• EXERCISE PROMPT:
Repeat the data below in full. Pictures must not be part of the copy.

• INFORMATION SUPPLIED:
============

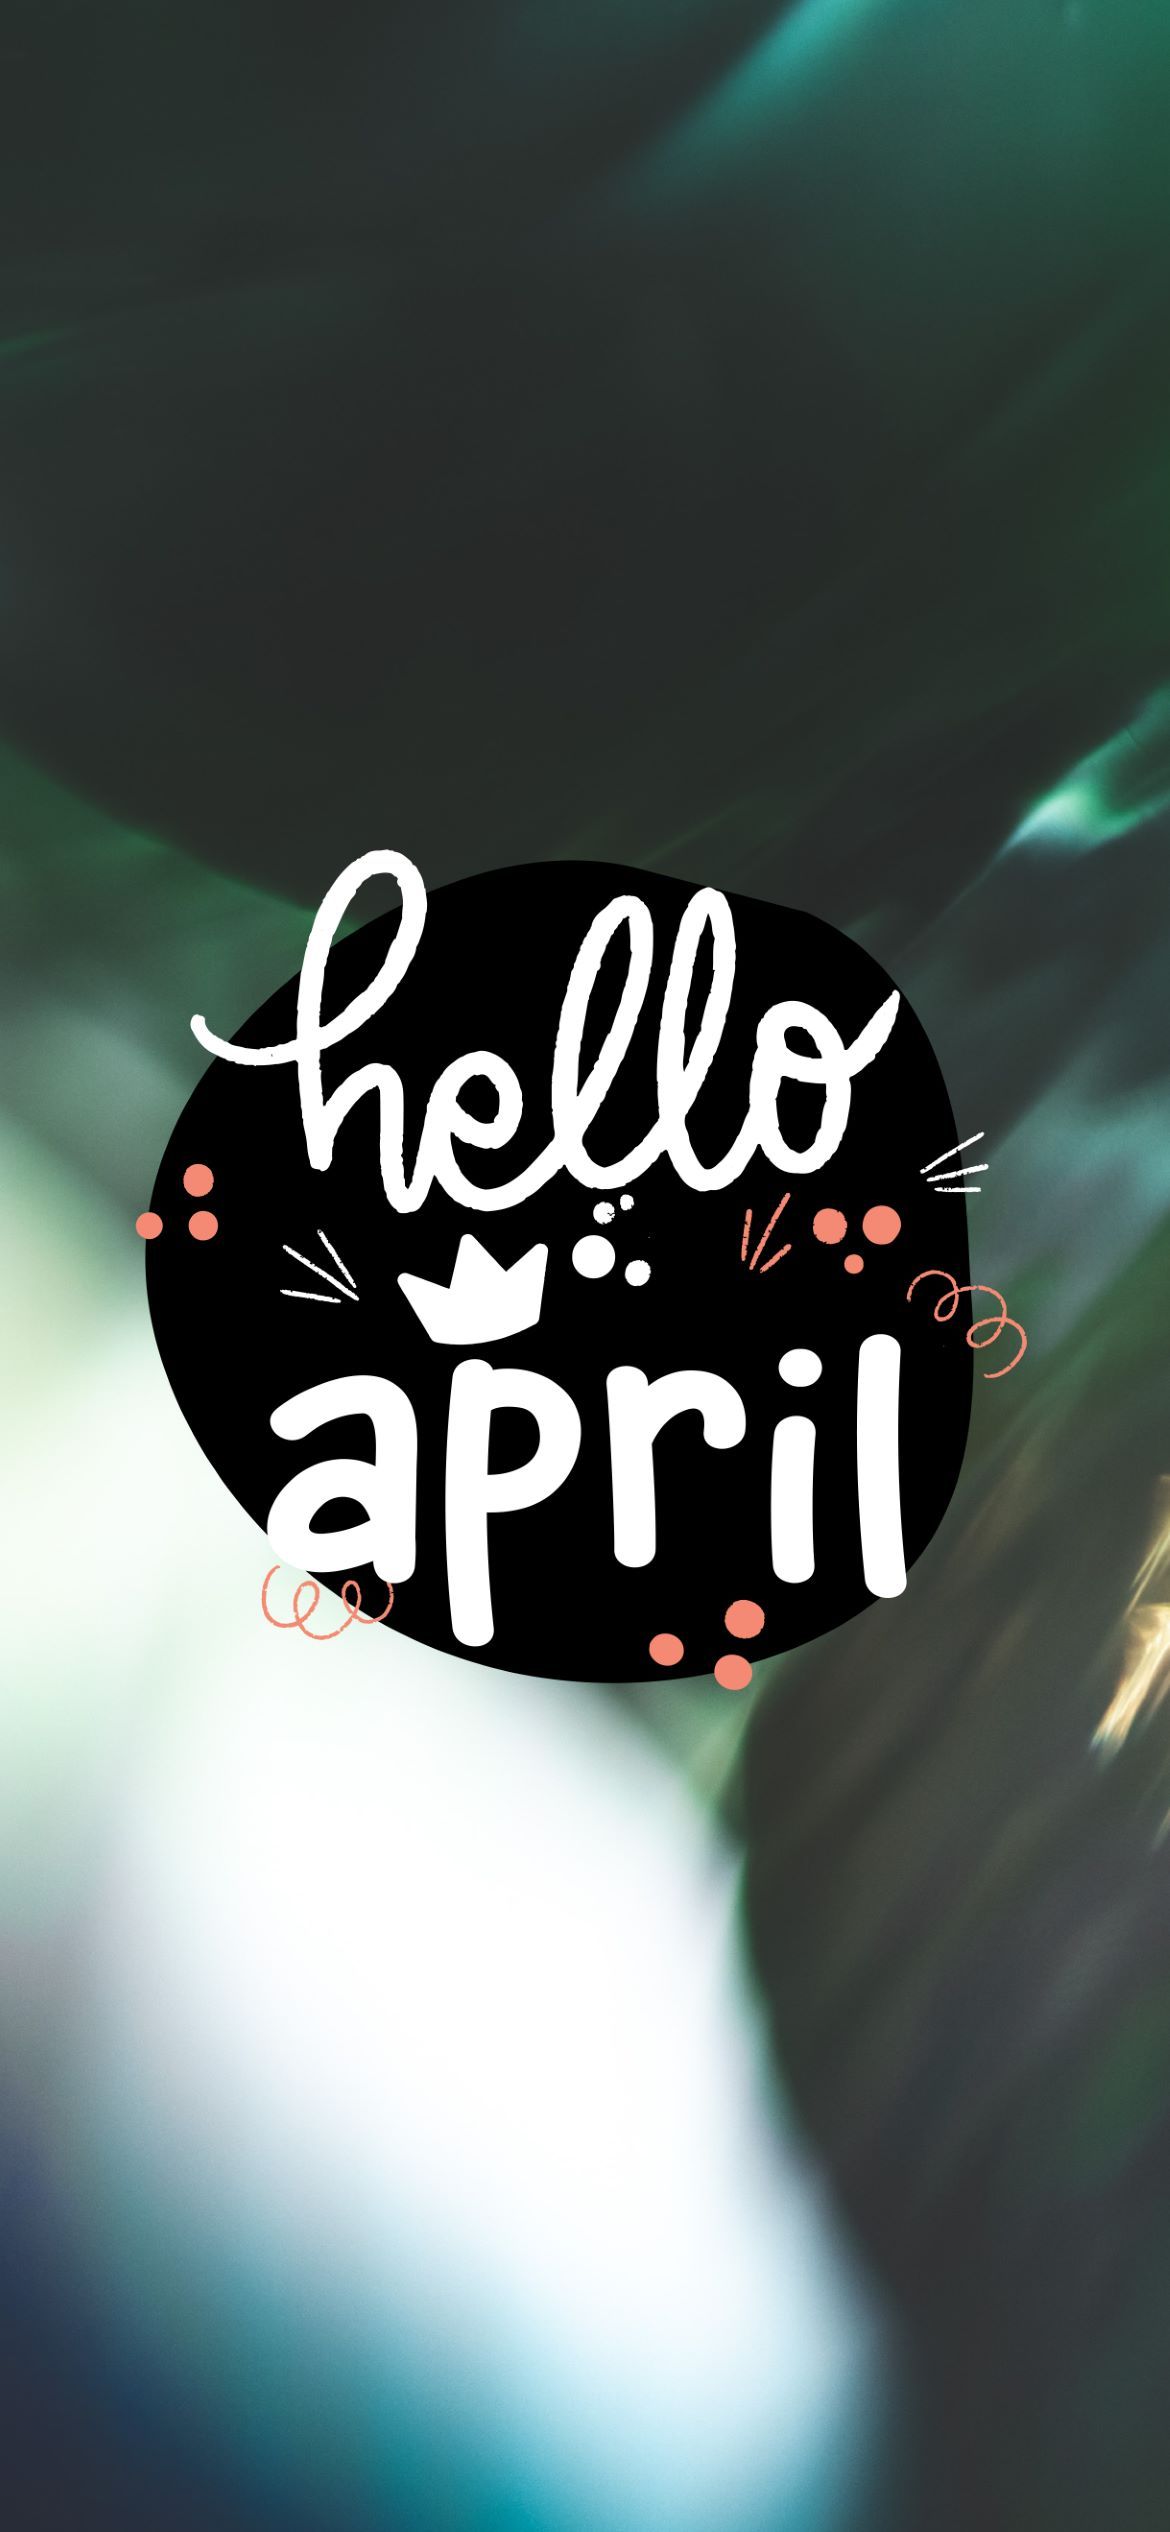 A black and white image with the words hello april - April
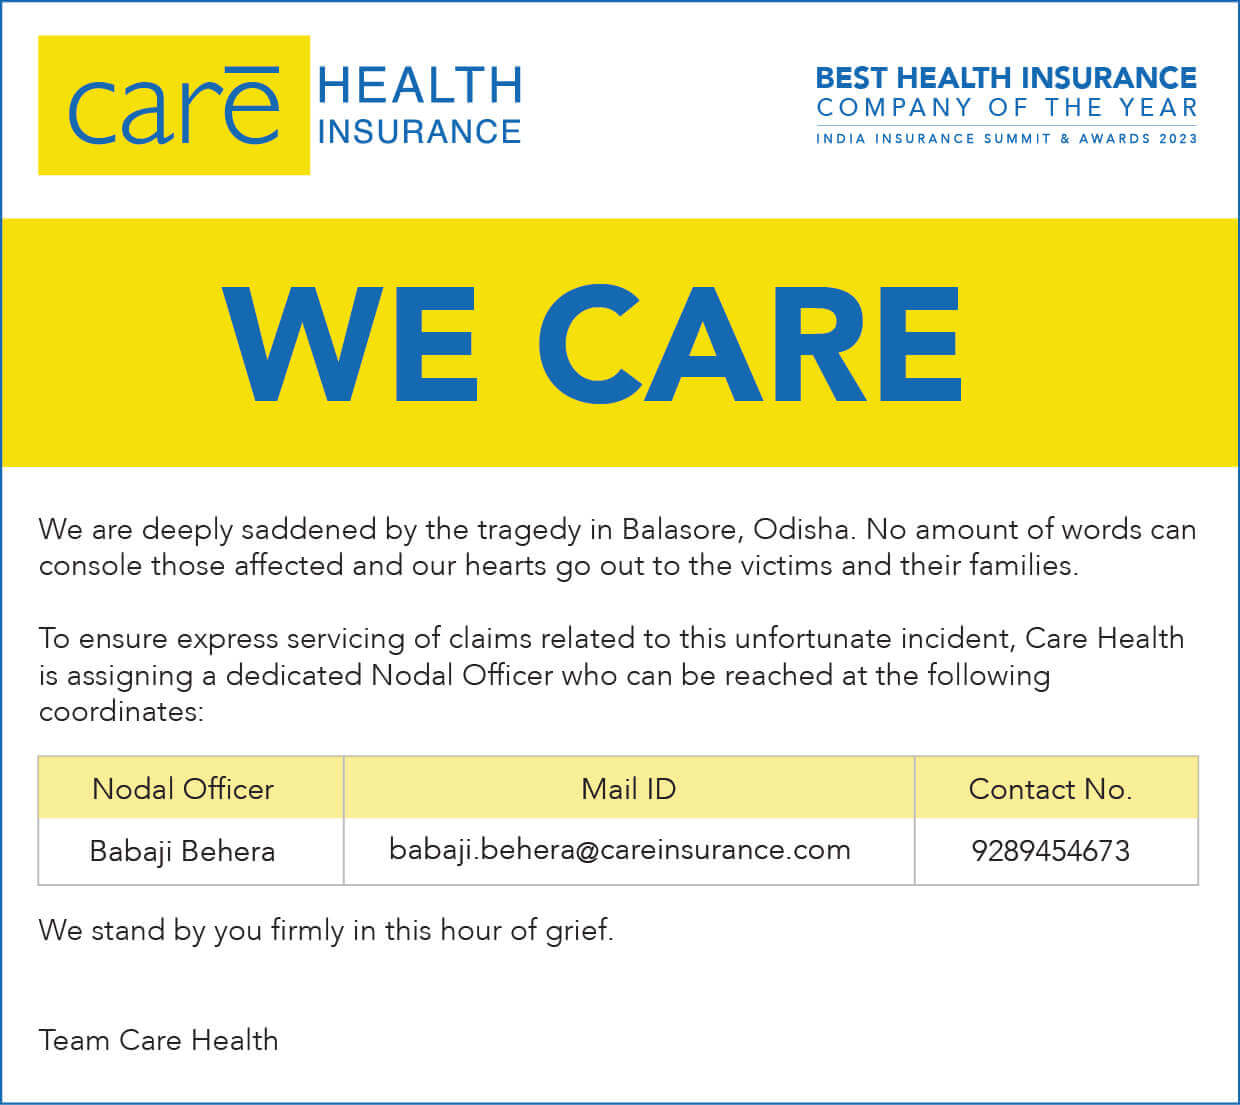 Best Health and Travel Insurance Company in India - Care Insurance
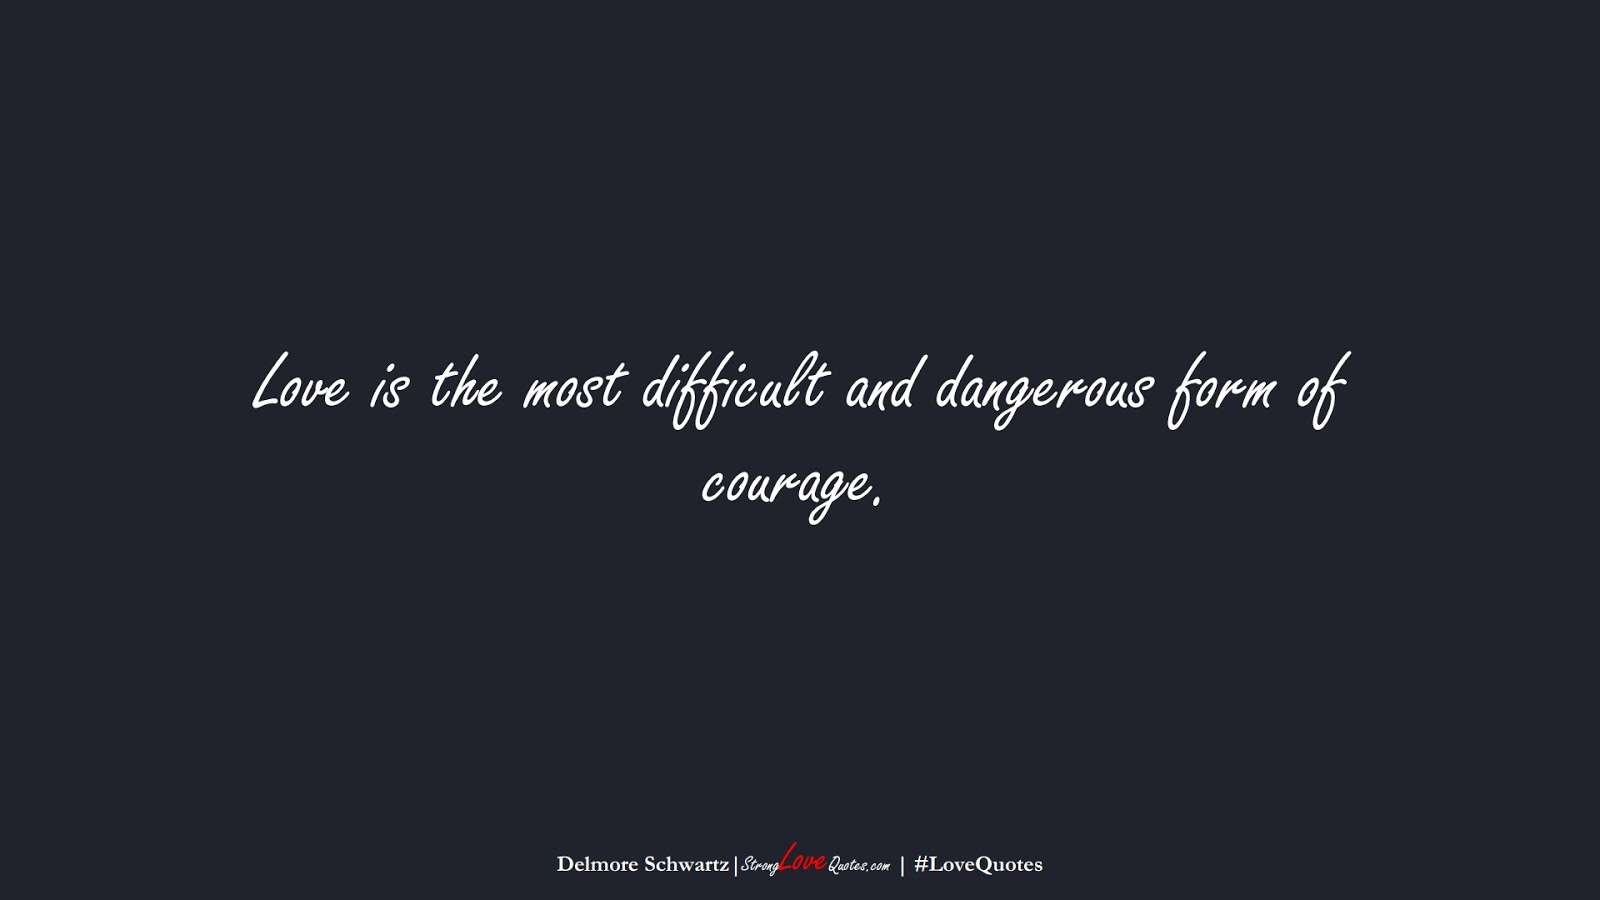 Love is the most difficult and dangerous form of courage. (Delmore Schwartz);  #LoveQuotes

============

• OUTPUT OF THE TASK:
 A black and white image with the words hello april - April
 Best Health and Travel Insurance Company in India - Care Insurance
 Love is the most difficult and dangerous form of courage. (Delmore Schwartz);  #LoveQuotes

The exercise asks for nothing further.